O estudo destaca a desaceleração e a sensação de instabilidade no campo da economia, com aumento da importância sobre educação financeira e do entendimento de renda como um composto familiar e não mais individual. No trabalho, a adoção acelerada de ferramentas digitais e a valorização dos trabalhadores essenciais surgem como principais pontos de atenção.
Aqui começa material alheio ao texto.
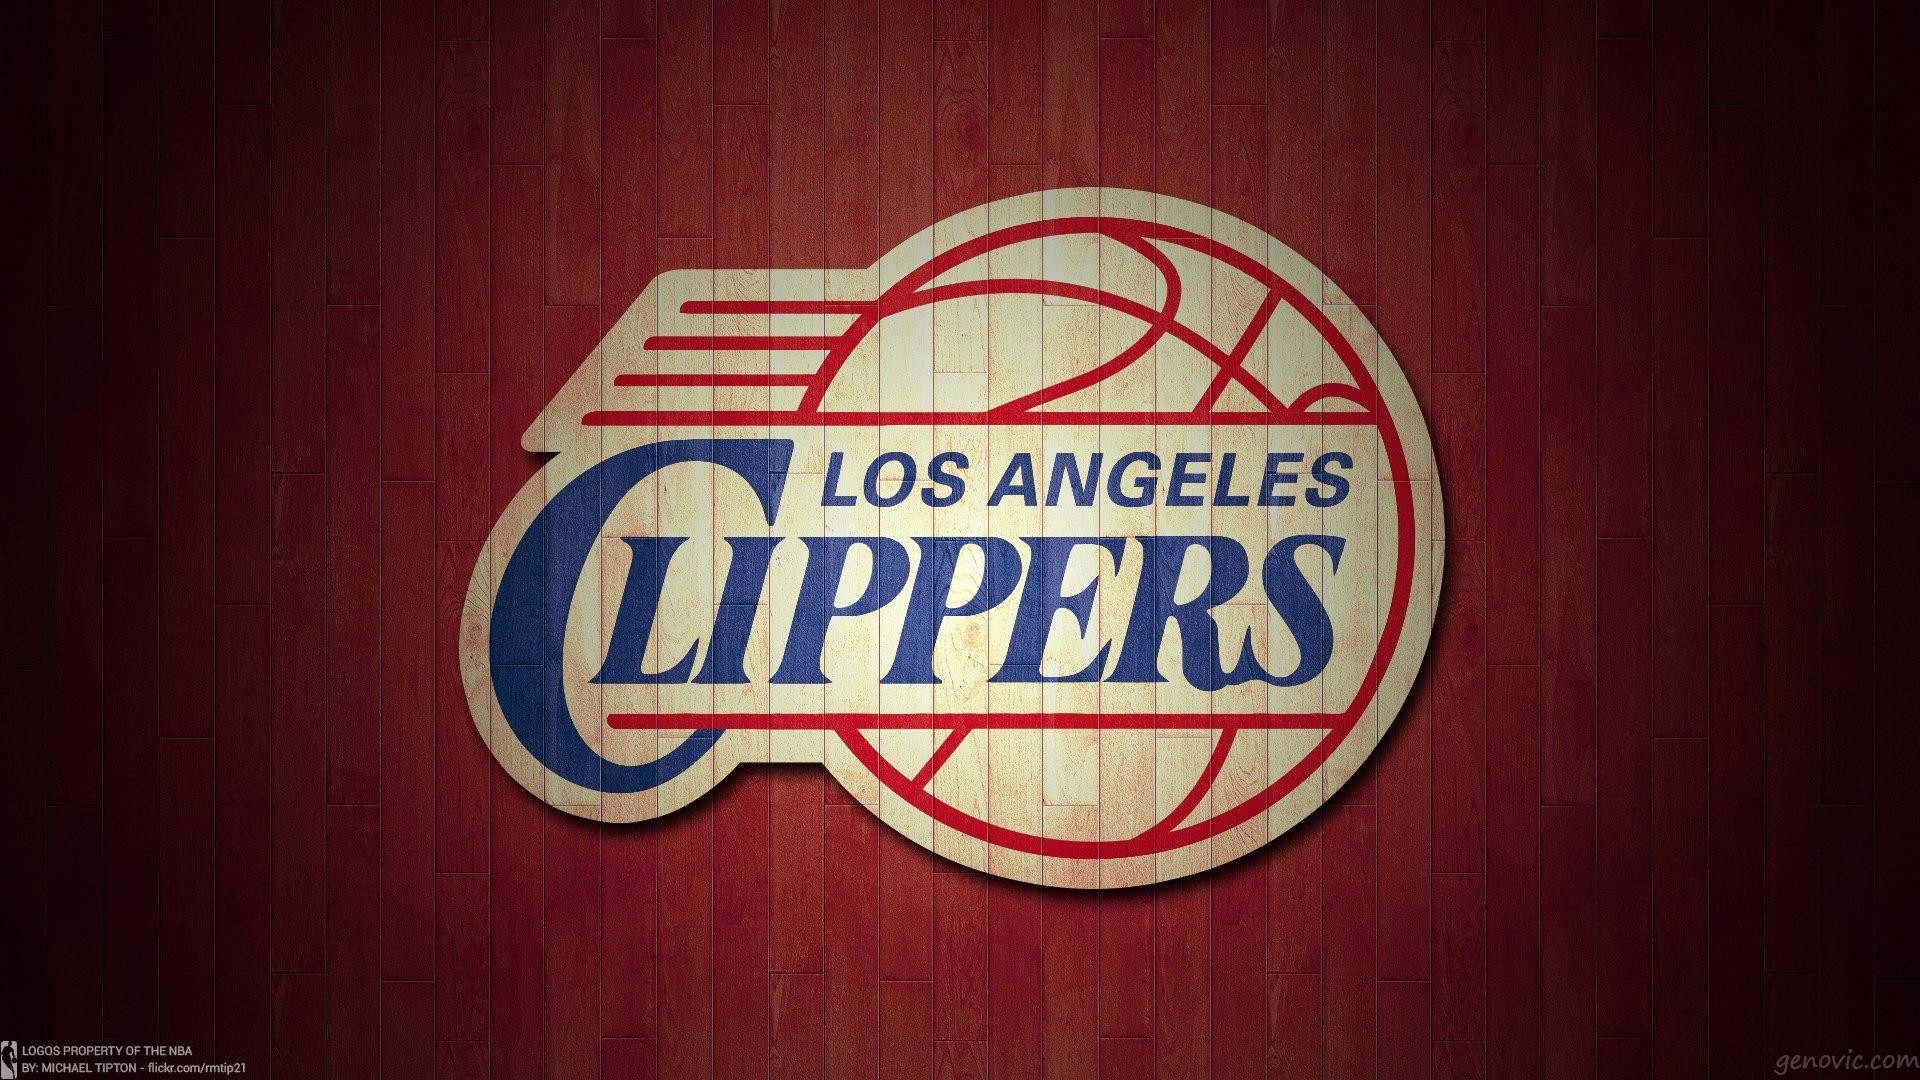 Los Angeles Clippers Wallpaper Image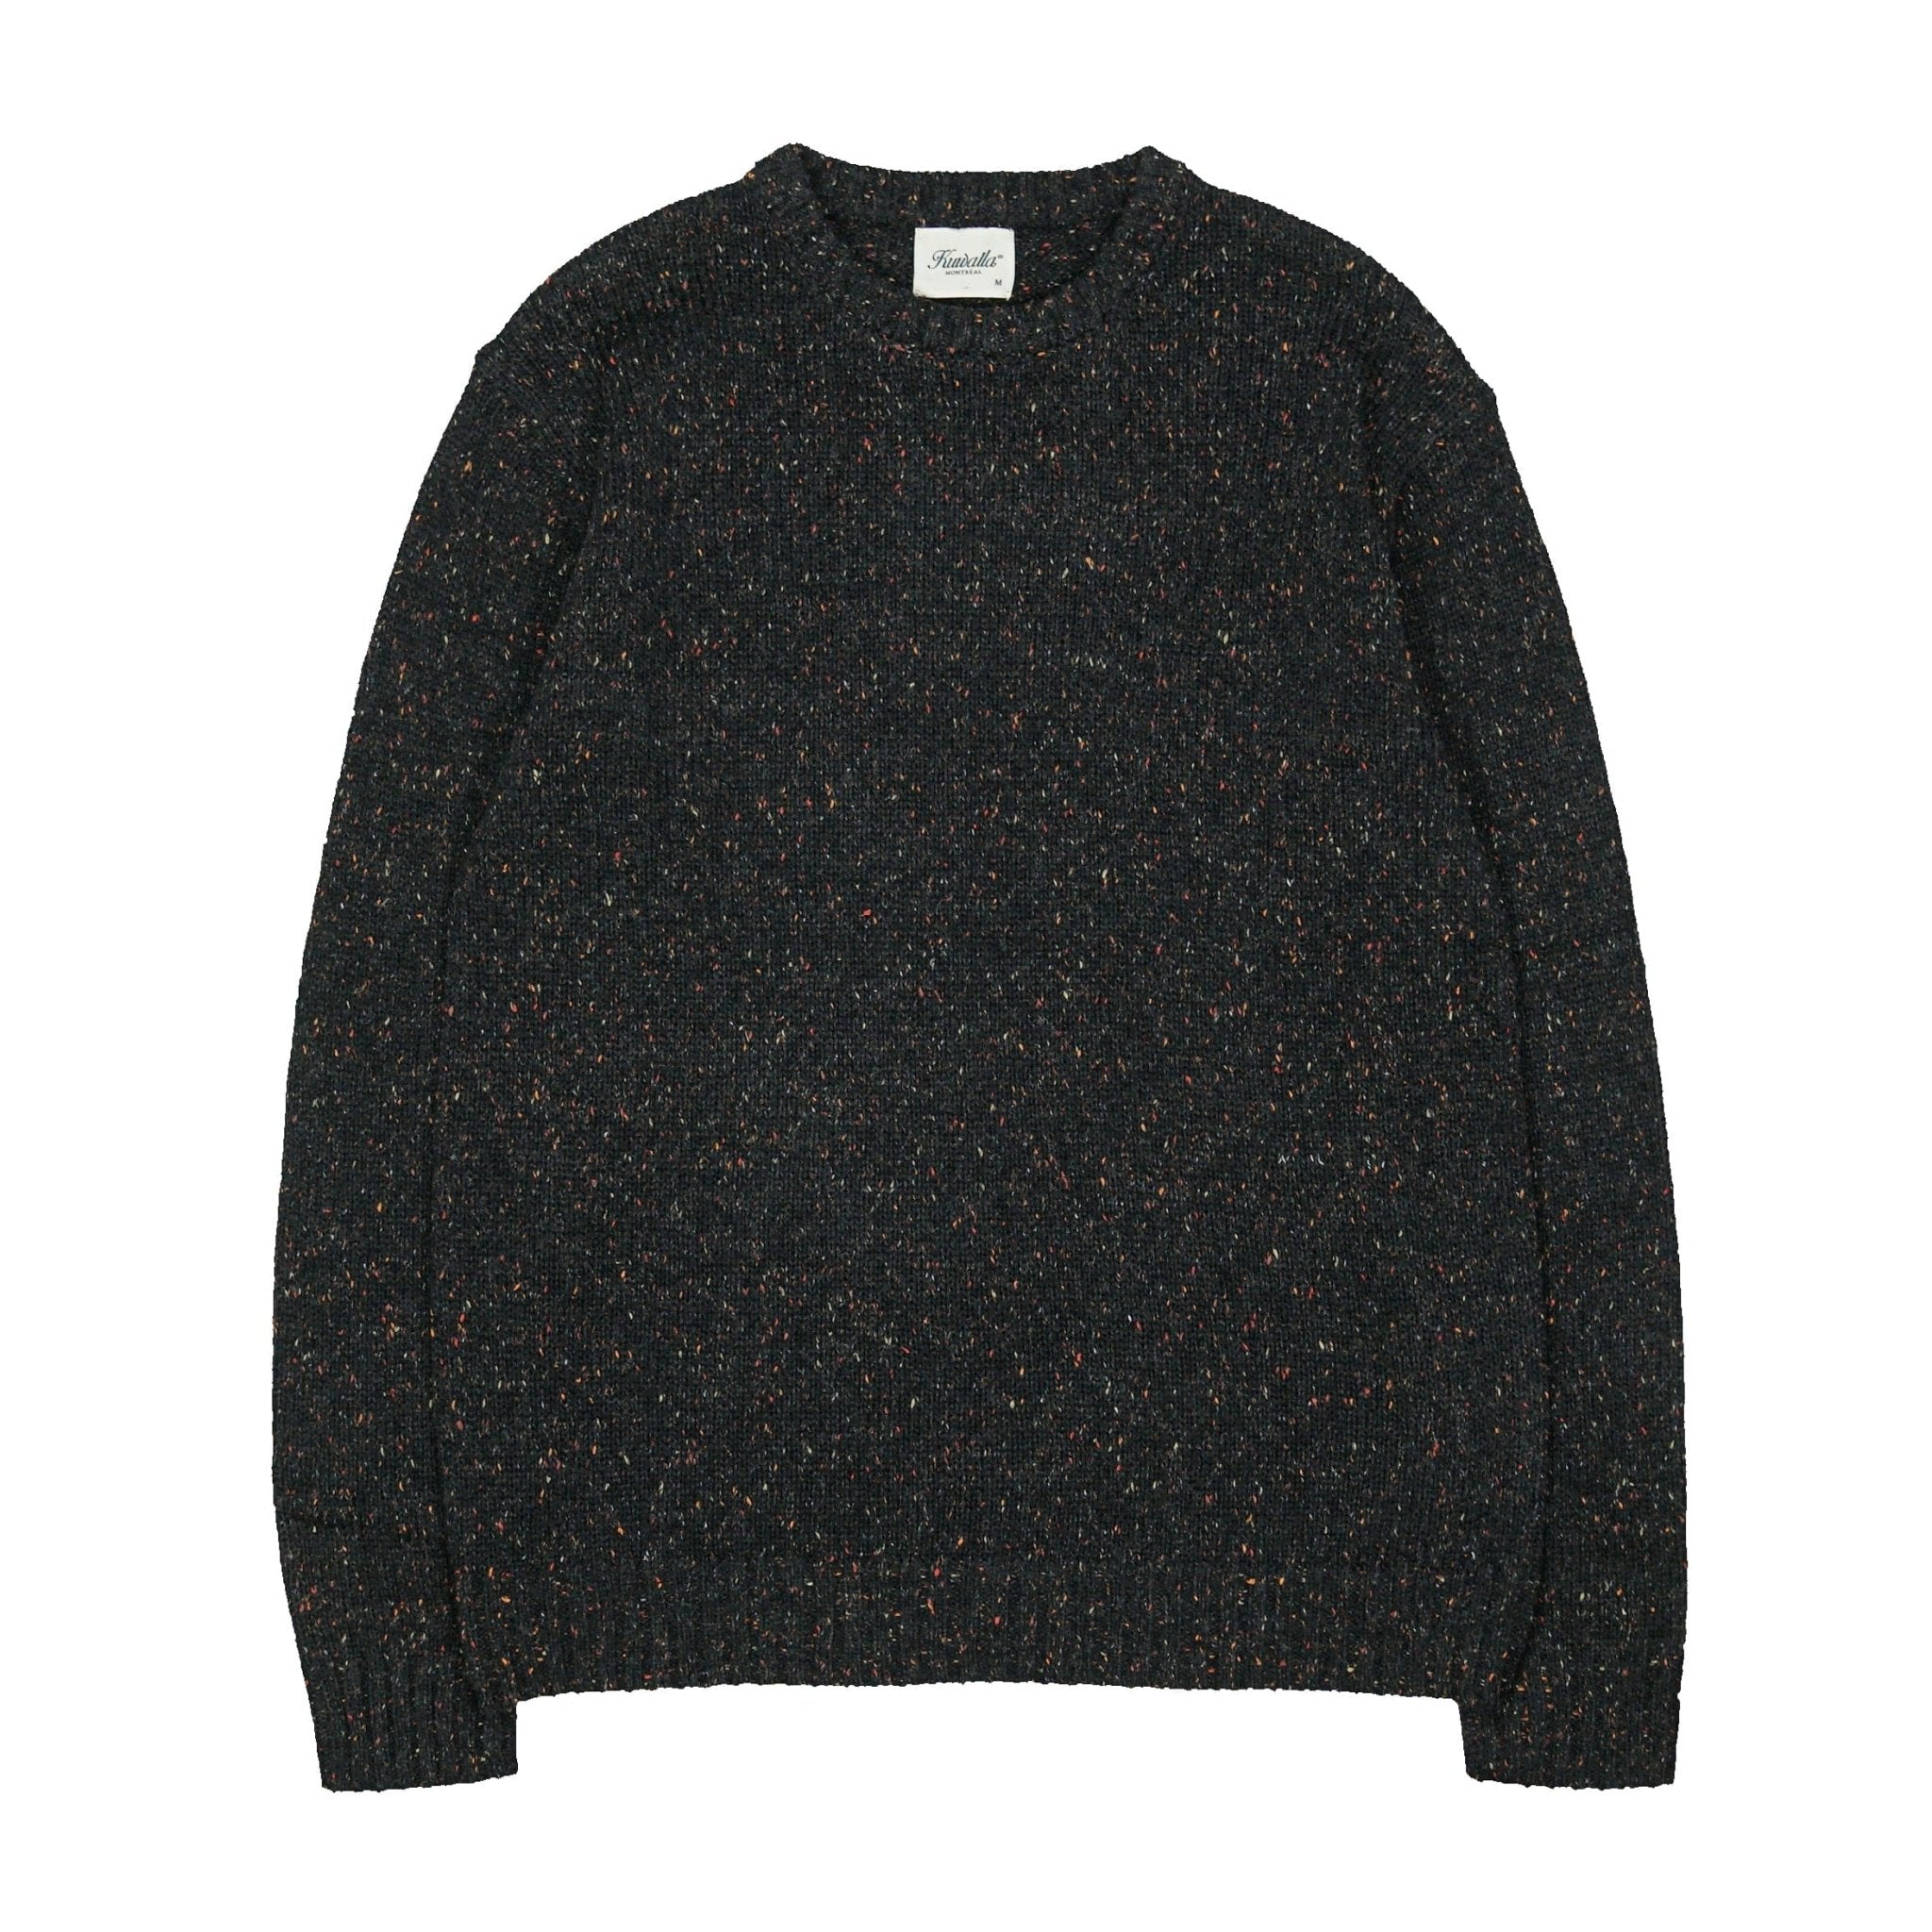 Speckled Sweater in black

Em mídia e entretenimento, o material aponta espaço de crescimento para formatos que unam pessoas e permitam vivências offline no digital - com a possibilidade de festivais de música, festas, eventos e até reuniões em bares ganhando espaço no streaming.

Outras tendências passam pela vida social, com o possível aumento do desejo pelas conexões face-a-face após tanto tempo de isolamento; pela saúde física, com o aumento de home workout e práticas de ioga, pilates e exercícios funcionais em casa; pela saúde mental, com incorporação de novos rituais de bem-estar no dia-a-dia como meditação, terapia e reconexão consigo mesmo; em relacionamentos, com um questionamento maior sobre o que traz satisfação à vida de cada um e a manutenção de relações na esfera digital; na educação, onde veremos a quebra da resistência com o ensino à distância; em alimentação e bebida, com mais equilíbrio na alimentação por causa da imunidade, e o fenômeno do delivery, que vieram para permanecer; em compras, onde fica claro a prevalência das compras à distância e a melhora da logística de entrega; em turismo e transporte, com o desejo das pessoas explorarem o mundo, especialmente em viagens mais curtas por conta da crise, e os deslocamentos do cotidiano com mais cuidados de higiene; e por fim moda e beleza, com rituais mais completos, novos produtos e roupas mais leves e confortáveis.